* Goal of the exercise: Pictures are not part of the answer. Return the lines from the one containing "Blue Sapphire &" through the end of the data, both included, exactly as they appear.

* Recorded information:
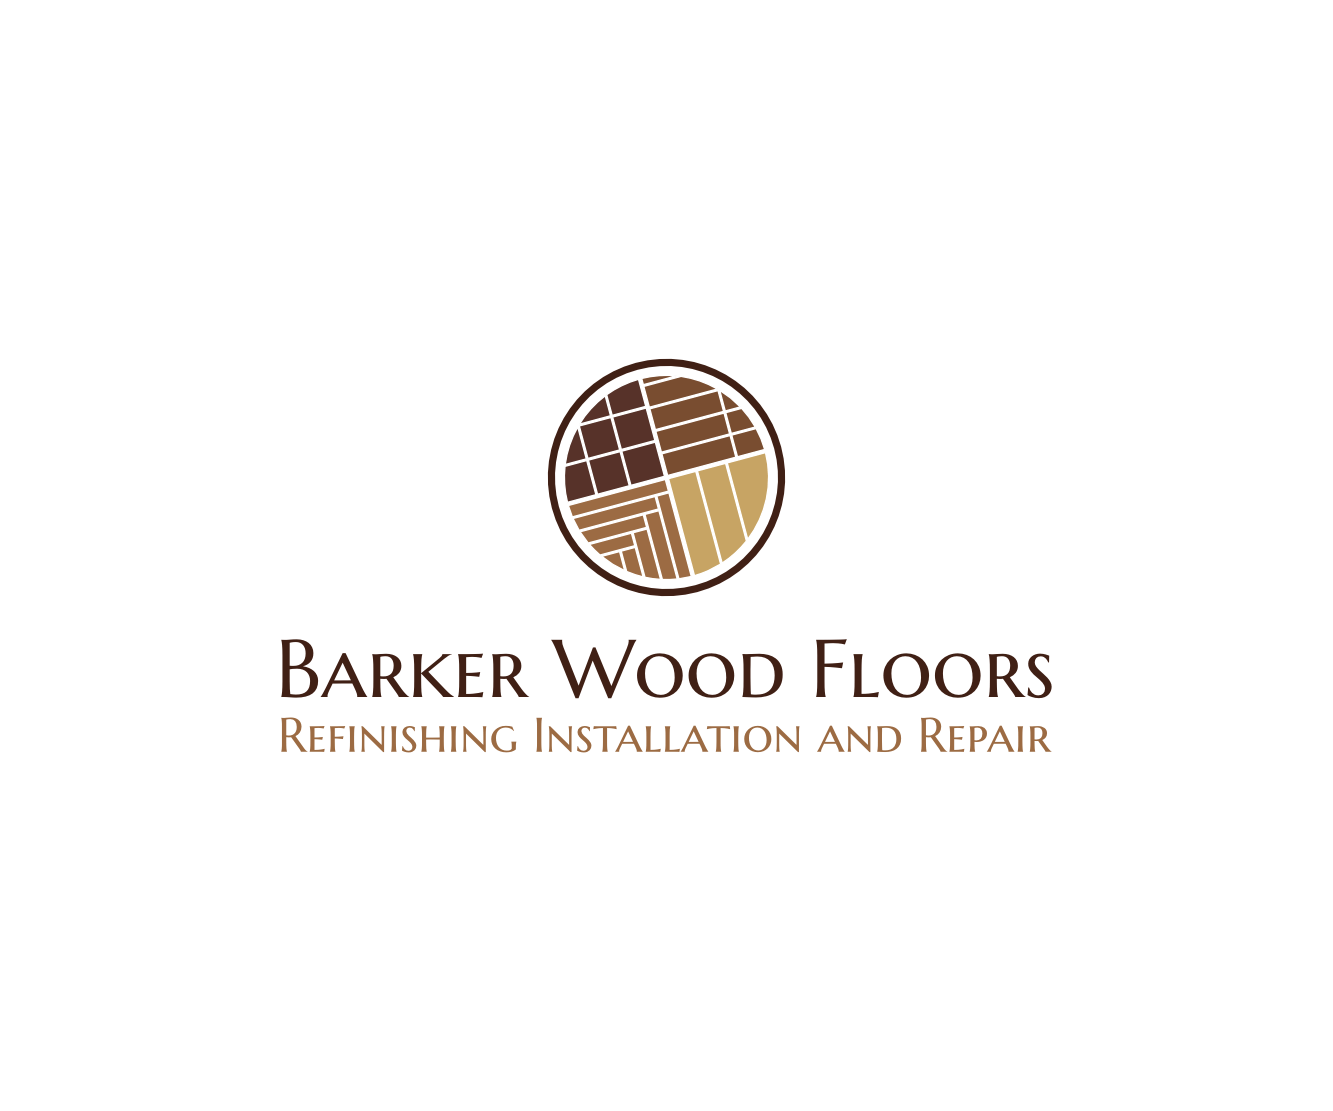 Floor Logo - Masculine, Bold, Woodworking Logo Design for Barker Wood Floors ...
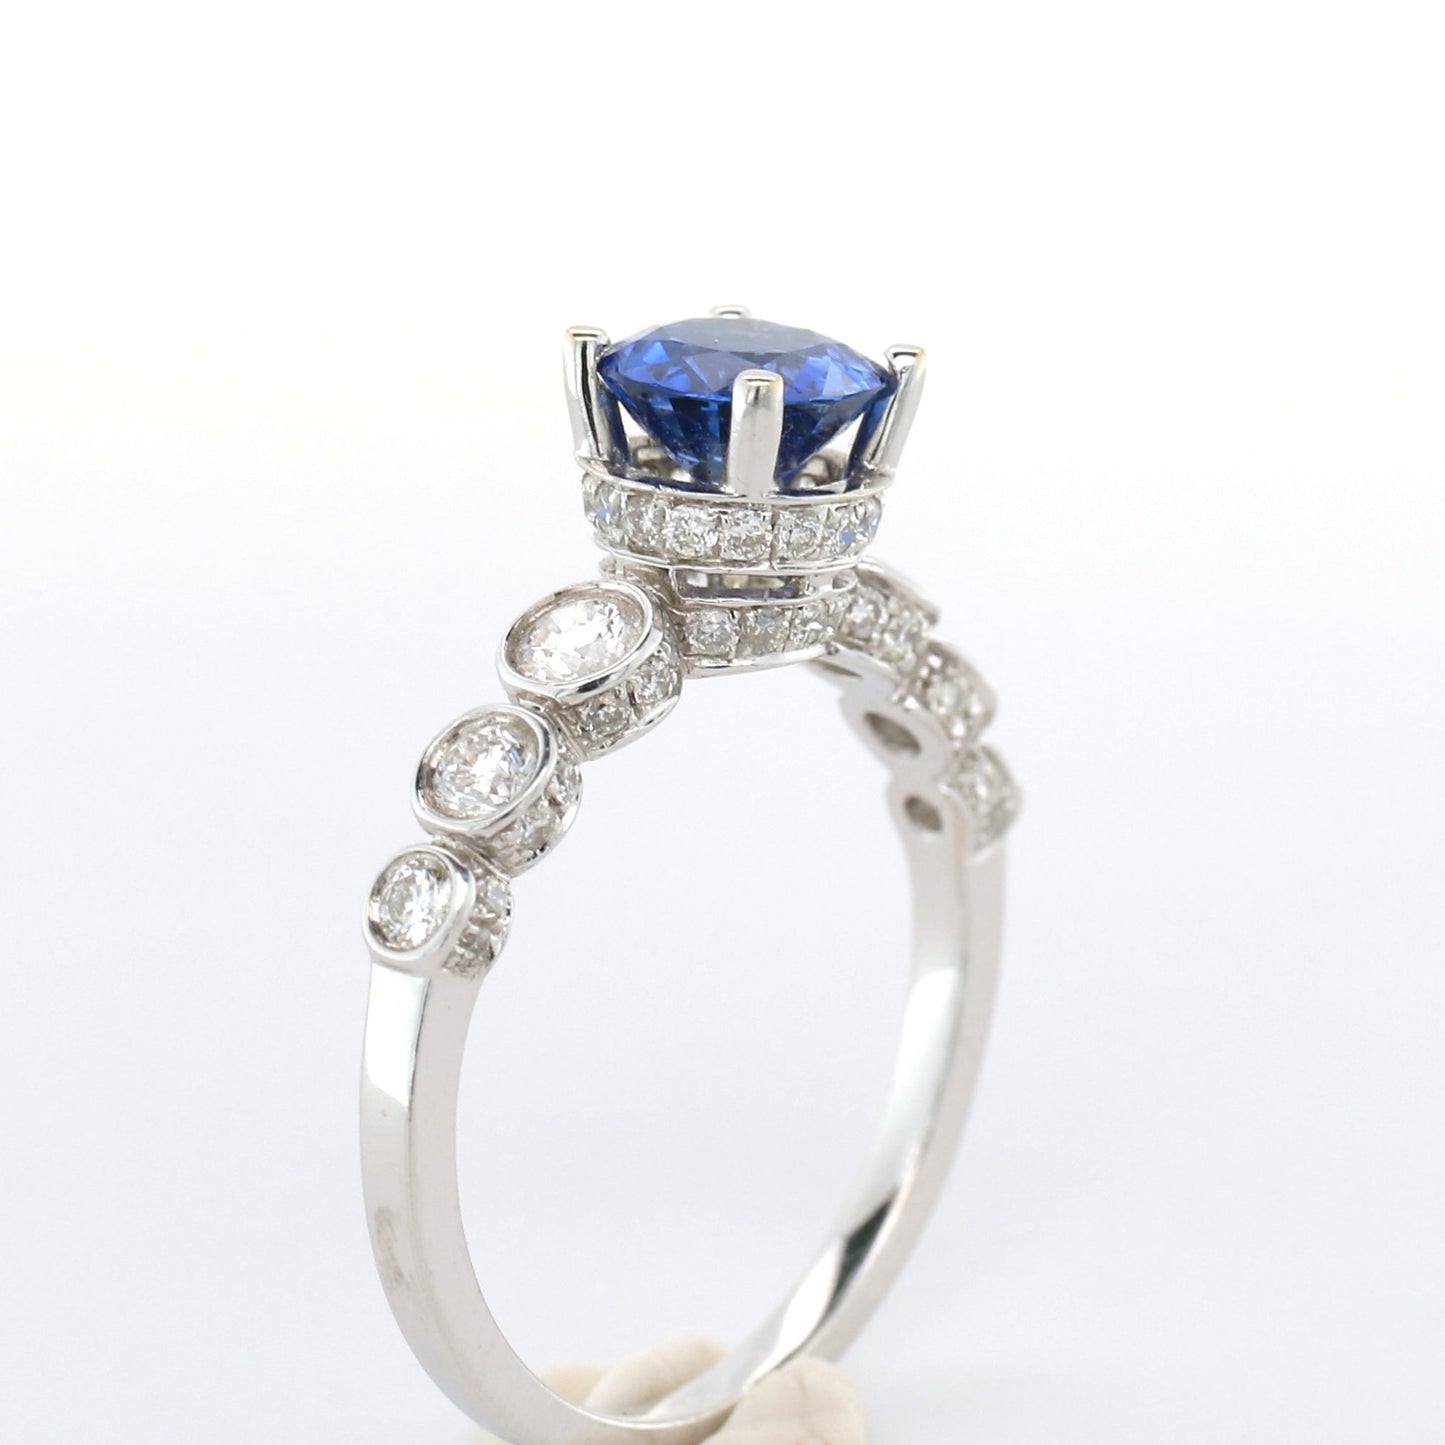 Blue Sapphire & Diamond Ring - 18K White Gold  2.55g
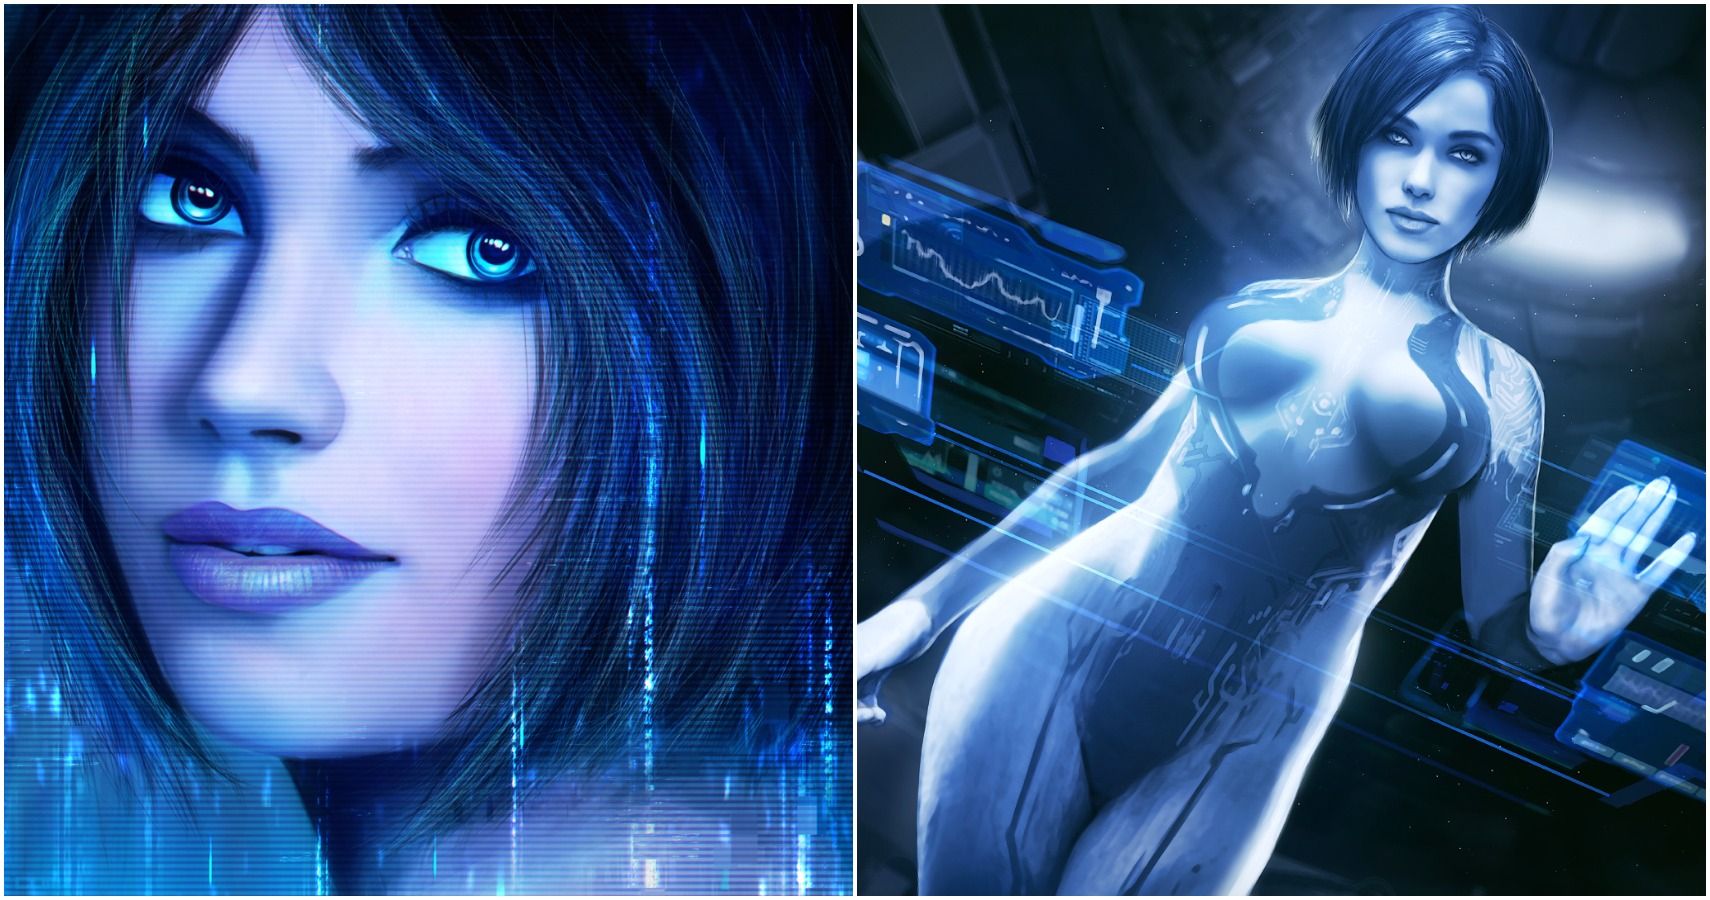 Halo 10 Pieces Of Cortana Fan Art We Adore TheGamer.

* Response:
 Blue Sapphire & Diamond Ring - 18K White Gold  2.55g
 Halo 10 Pieces Of Cortana Fan Art We Adore TheGamer.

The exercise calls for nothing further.